#### [Work to complete]
Print, word for word, the line containing "L'Ecole Hôtelière de" and all lines beneath it to the end of the entries below. Pictures do not belong in the copy.
──────── Records ────────
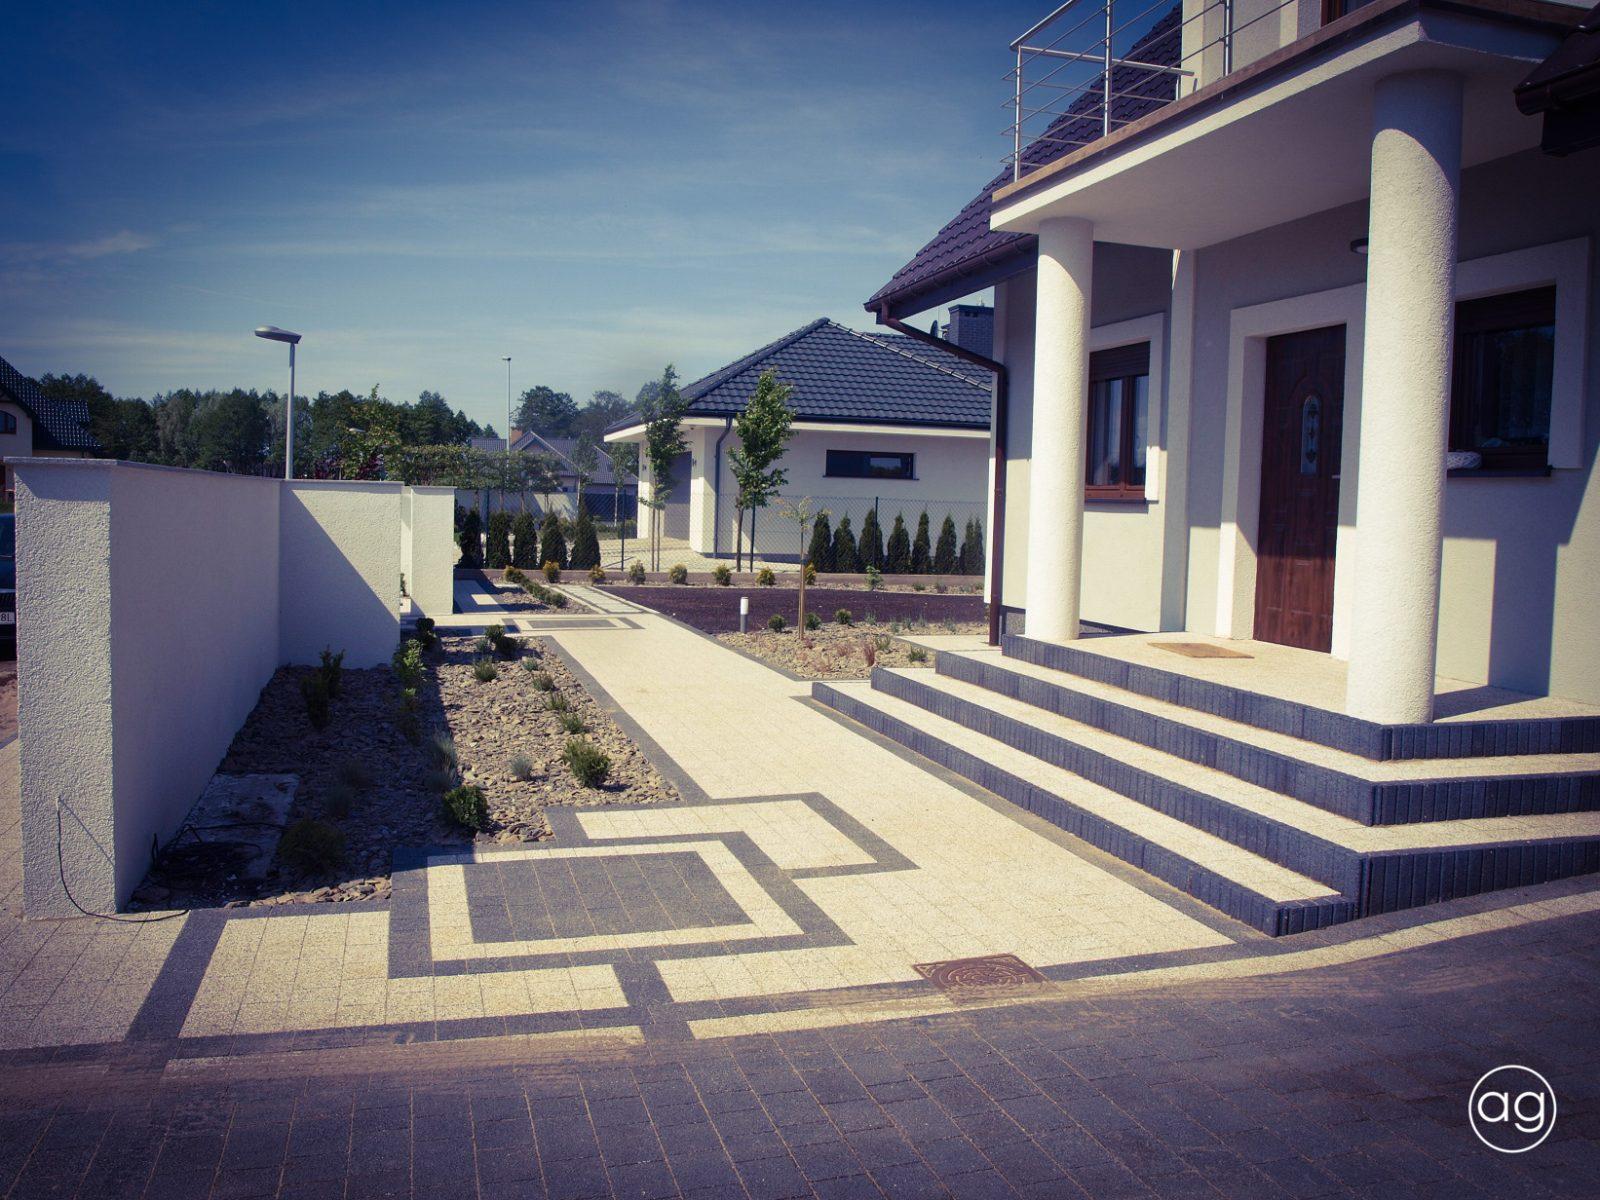 ogród wToruniu, projektowanie ogrodów, Agnieszka Gertner, realizacja, osiedle Bielawy, agnieszkagertnerblog
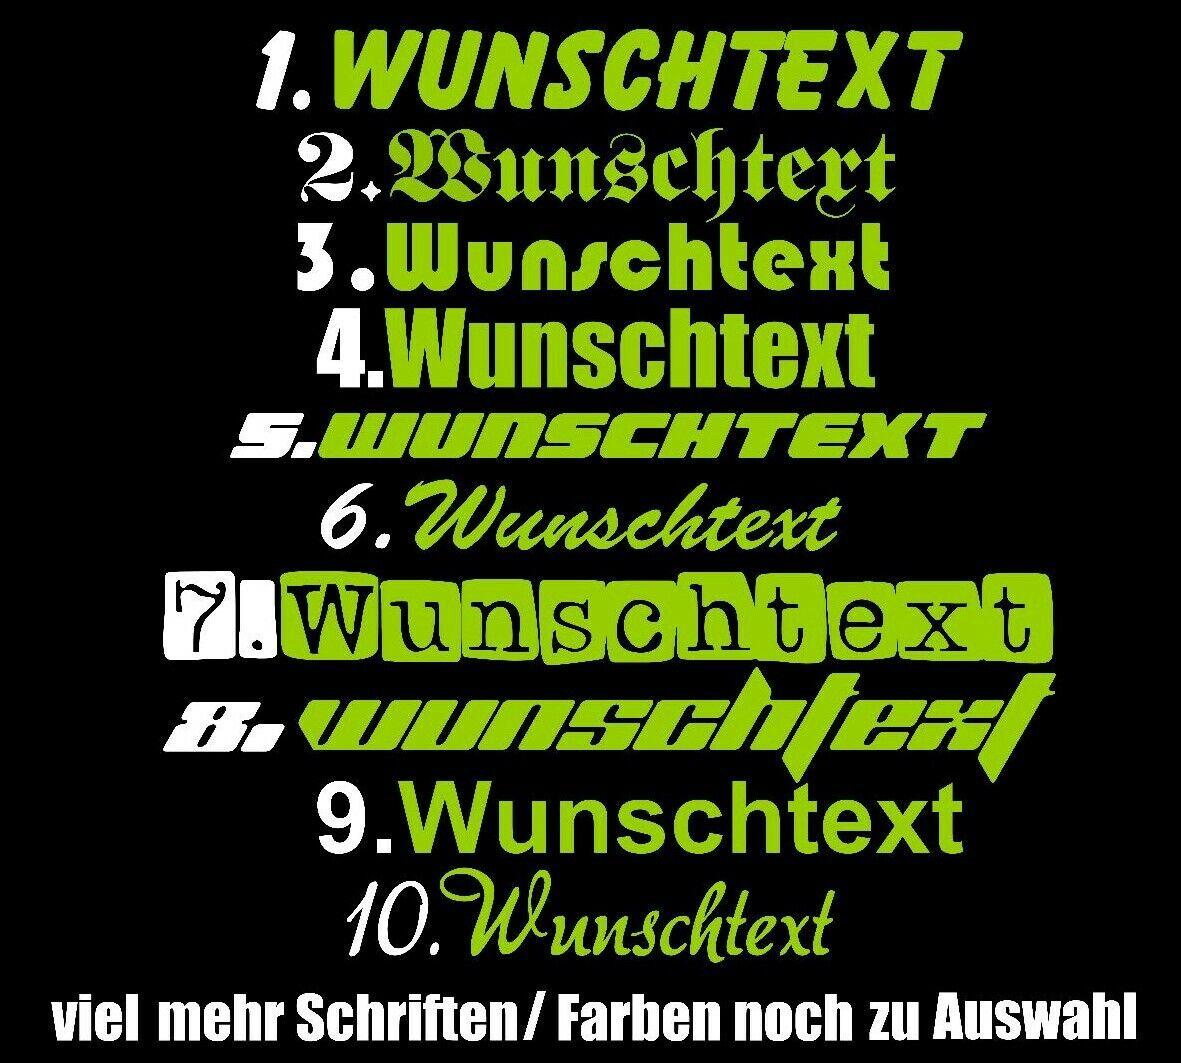 15cm Wunschtext Name Aufkleber Schriftzug Schrift Geburtstag selbst gestalten TV
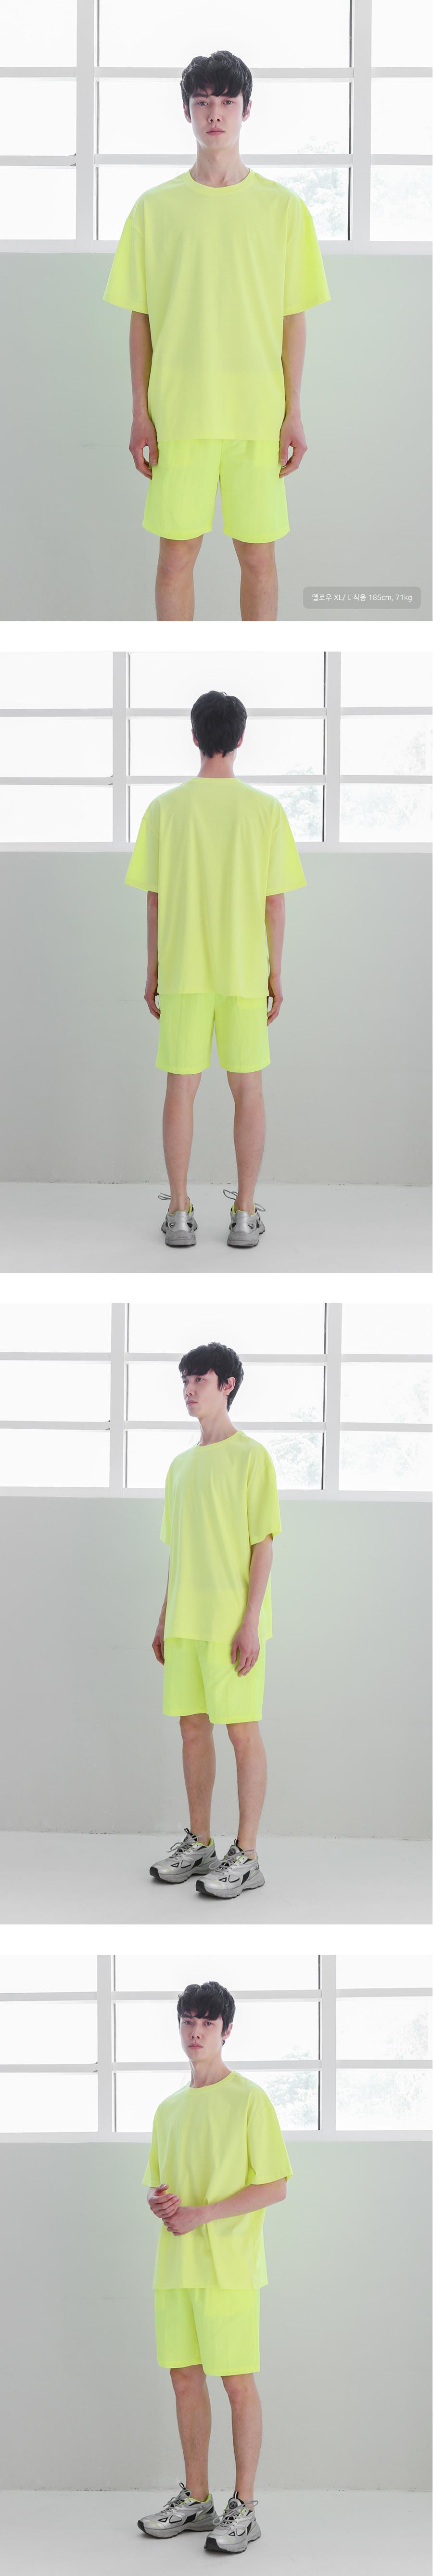 이에스엔(ESN) 네온 루즈핏 티셔츠 옐로우
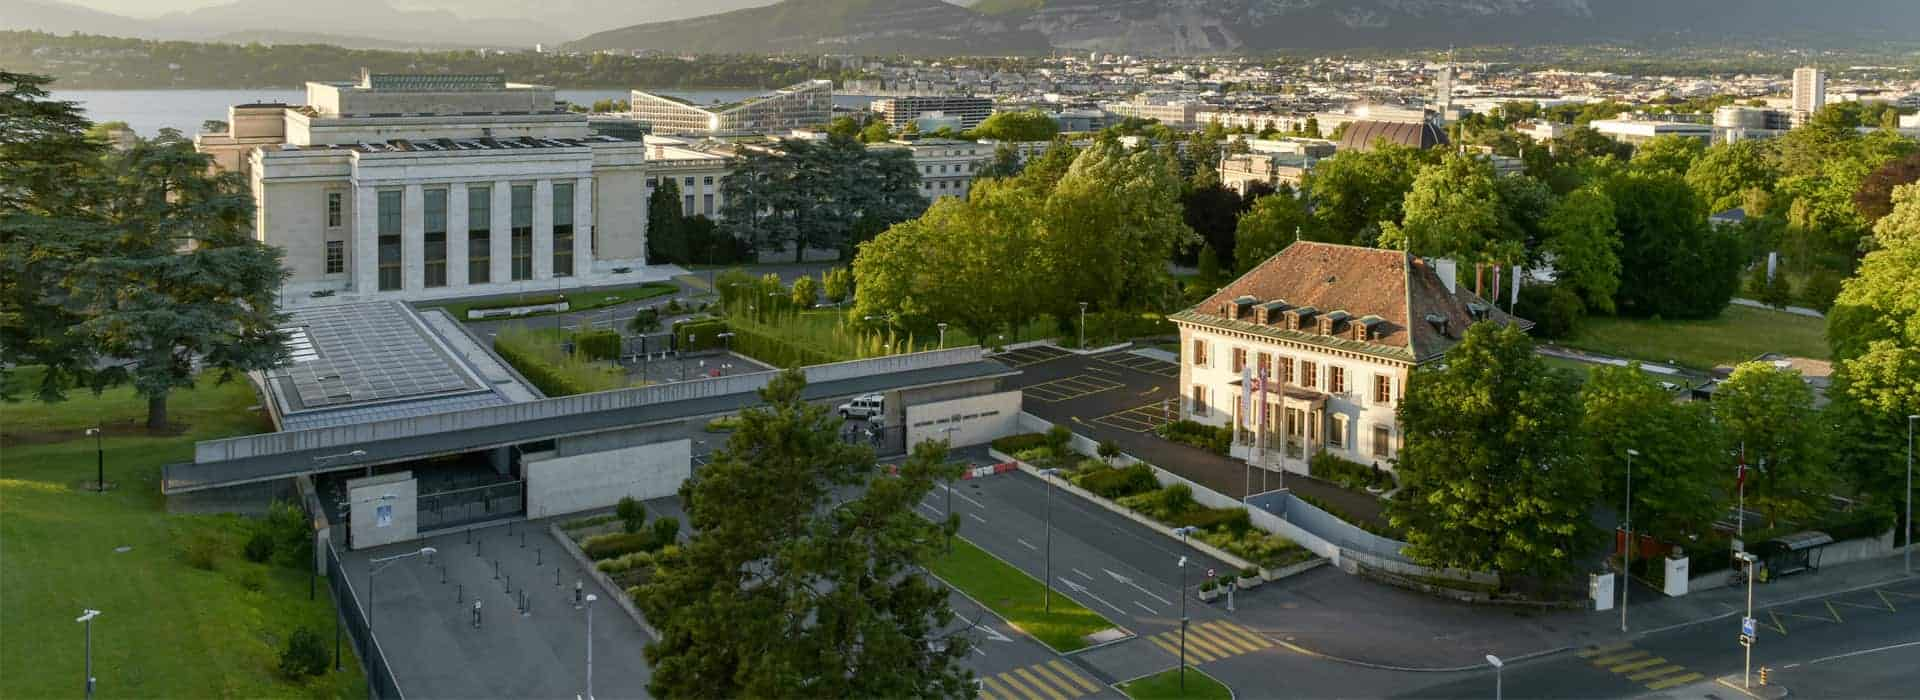 L'Ecole Hôtelière de Geneve, une formation avec la qualité suisse
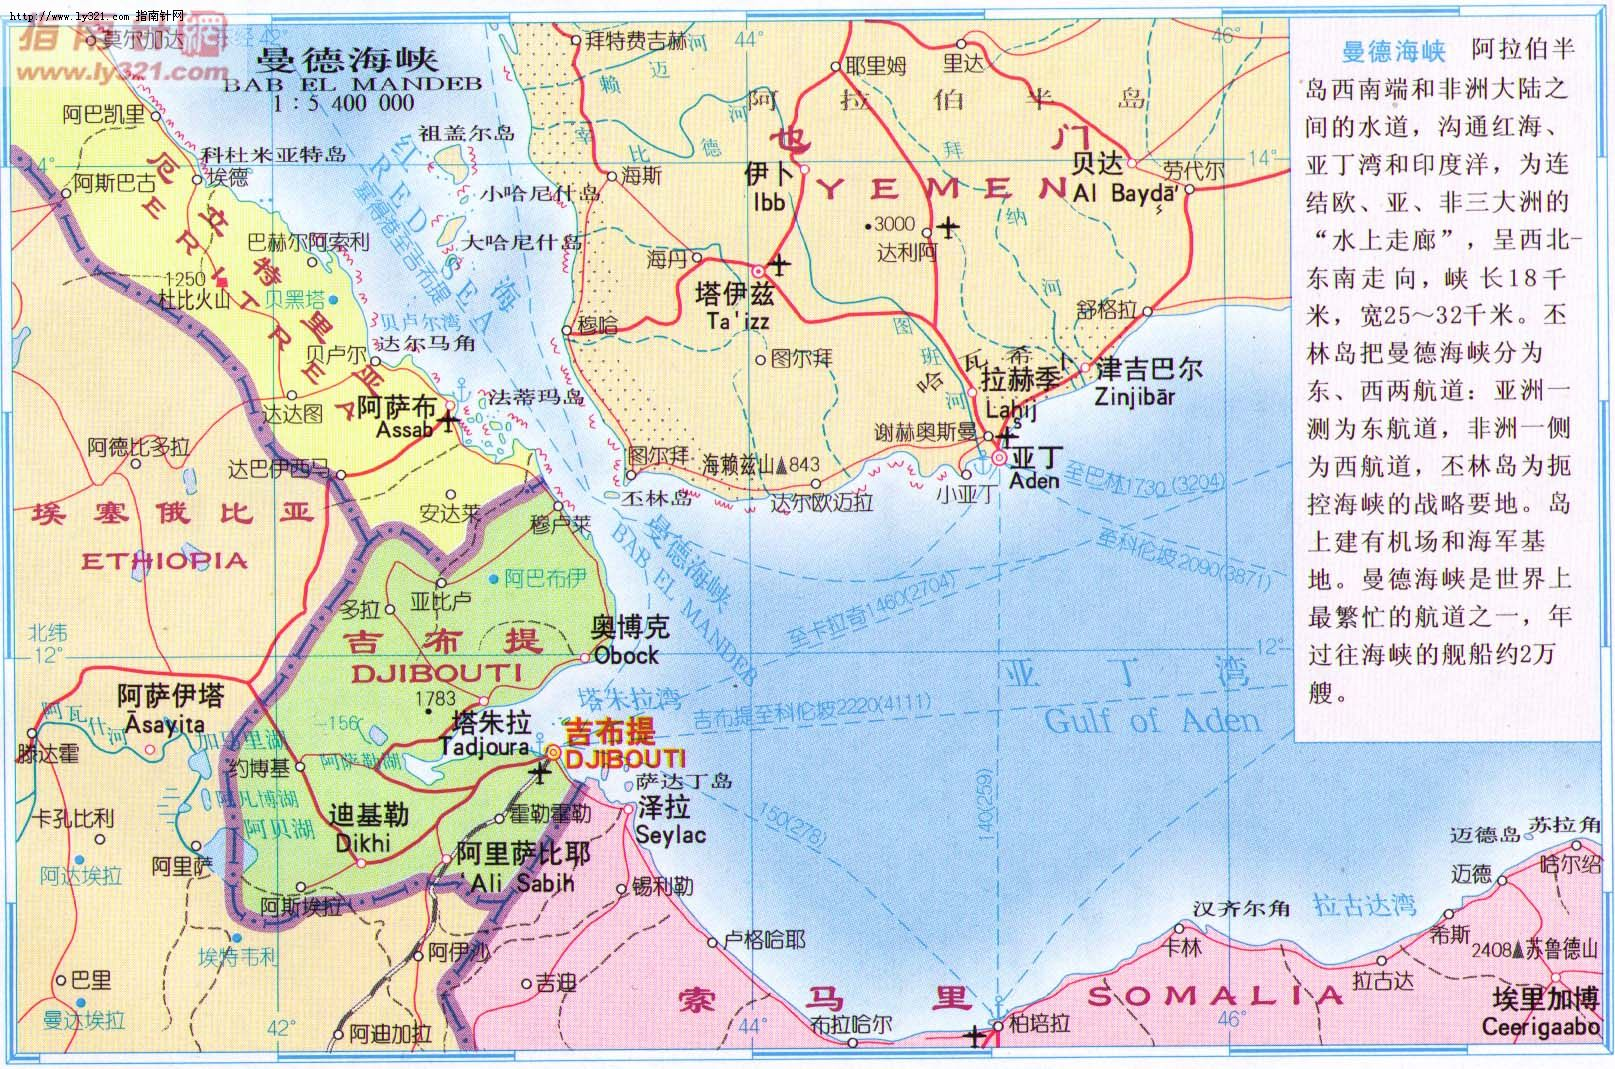 曼德海峡地图
────────
#### [Result]
 L'Ecole Hôtelière de Geneve, une formation avec la qualité suisse
 曼德海峡地图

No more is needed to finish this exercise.